Cover of the May 2018 issue of "Medical Physics"An article authored by Varian-based researchers about the company’s Acuros® CTS, a new software tool for scatter correction in Varian’s Iterative cone-beam CT (CBCT) capability, was among four of the highest quality articles selected by the editors of Medical Physics to appear in the May 2018 Editor’s Choice column. The two-part article, “Acuros CTS: A Fast, Linear Boltzmann Transport Equation Solver for Computed Tomography Scatter--Part I: Core Algorithms and Validation,” 1 and “Acuros CTS: A Fast, Linear Boltzmann Transport Equation Solver for Computed Tomography Scatter--Part II: System Modeling, Scatter Correction, and Optimization,” 2 was selected for this honor because of its potential scientific impact and reader interest. It was also selected to appear on the cover of the May 2018 edition.

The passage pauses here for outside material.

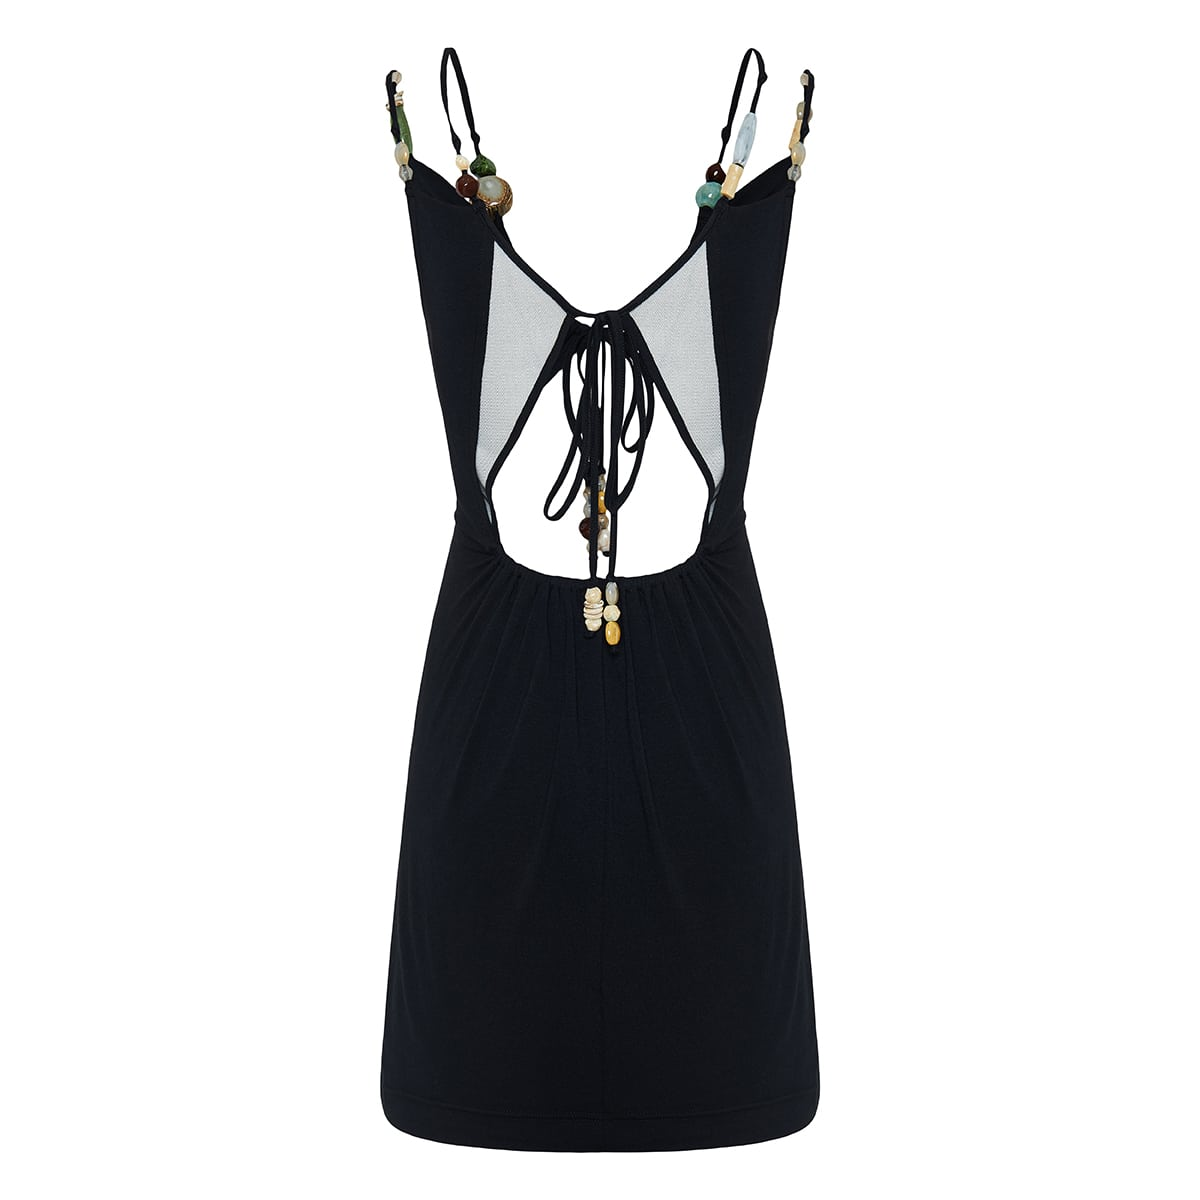 Bead-embellished cutout mini dress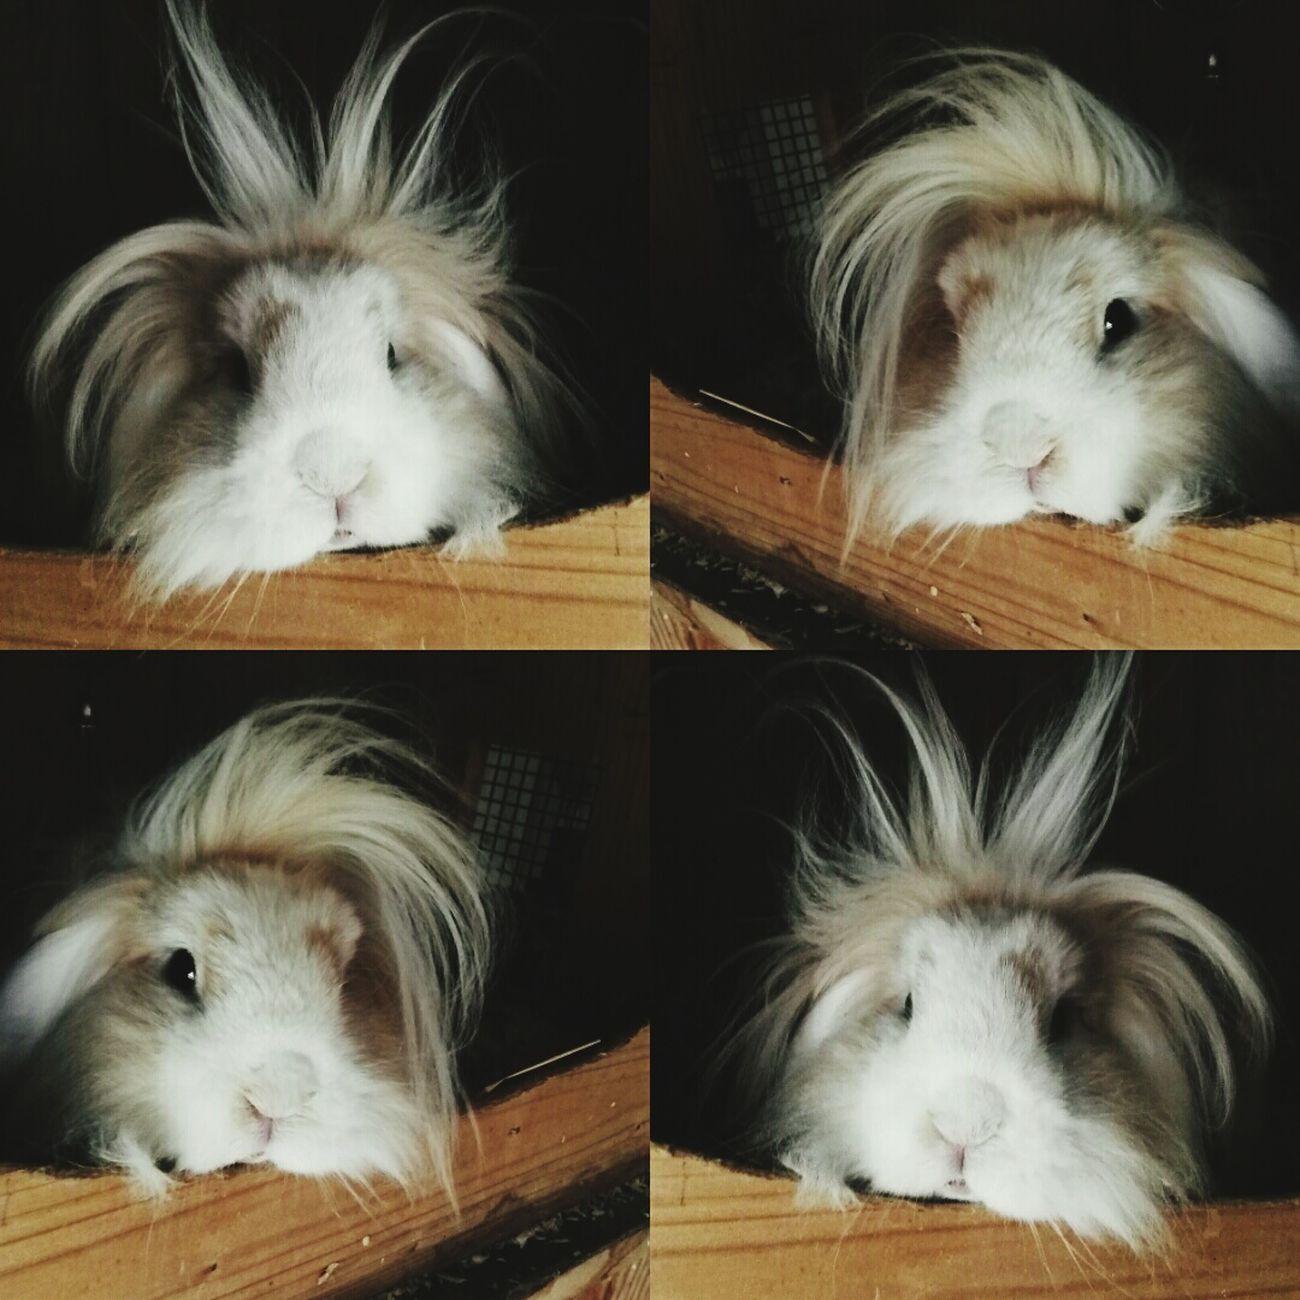 Henry <3 Mybunny Fluffy Cutenessoverload !!

“Congratulations to the engineering and applied research teams for this outstanding achievement in Iterative CBCT imaging,” remarks Kolleen Kennedy, president, Varian Oncology Systems and corporate executive vice president. “What a unique honor for the work done by the Varian team that will certainly drive global market interest in Iterative CBCT capabilities and improve patient care through high quality imaging.”

Scatter Challenges CBCT Image Quality
CBCT is an invaluable clinical tool. With a wide-area detector such as an amorphous silicon flat-panel imager, CBCT makes it possible to acquire a large amount of volumetric data in a single rotation, which is advantageous in the areas of radiotherapy, interventional procedures, and dentistry. However, scatter correction remains one of the main challenges for CBCT image quality. The wide-area beam produces a large amount of scatter in the projection images, making it difficult to acquire high-quality CBCT images. Without scatter correction, the quality of reconstructed images can be affected by shading, cupping, quantification inaccuracies, and inhomogeneities.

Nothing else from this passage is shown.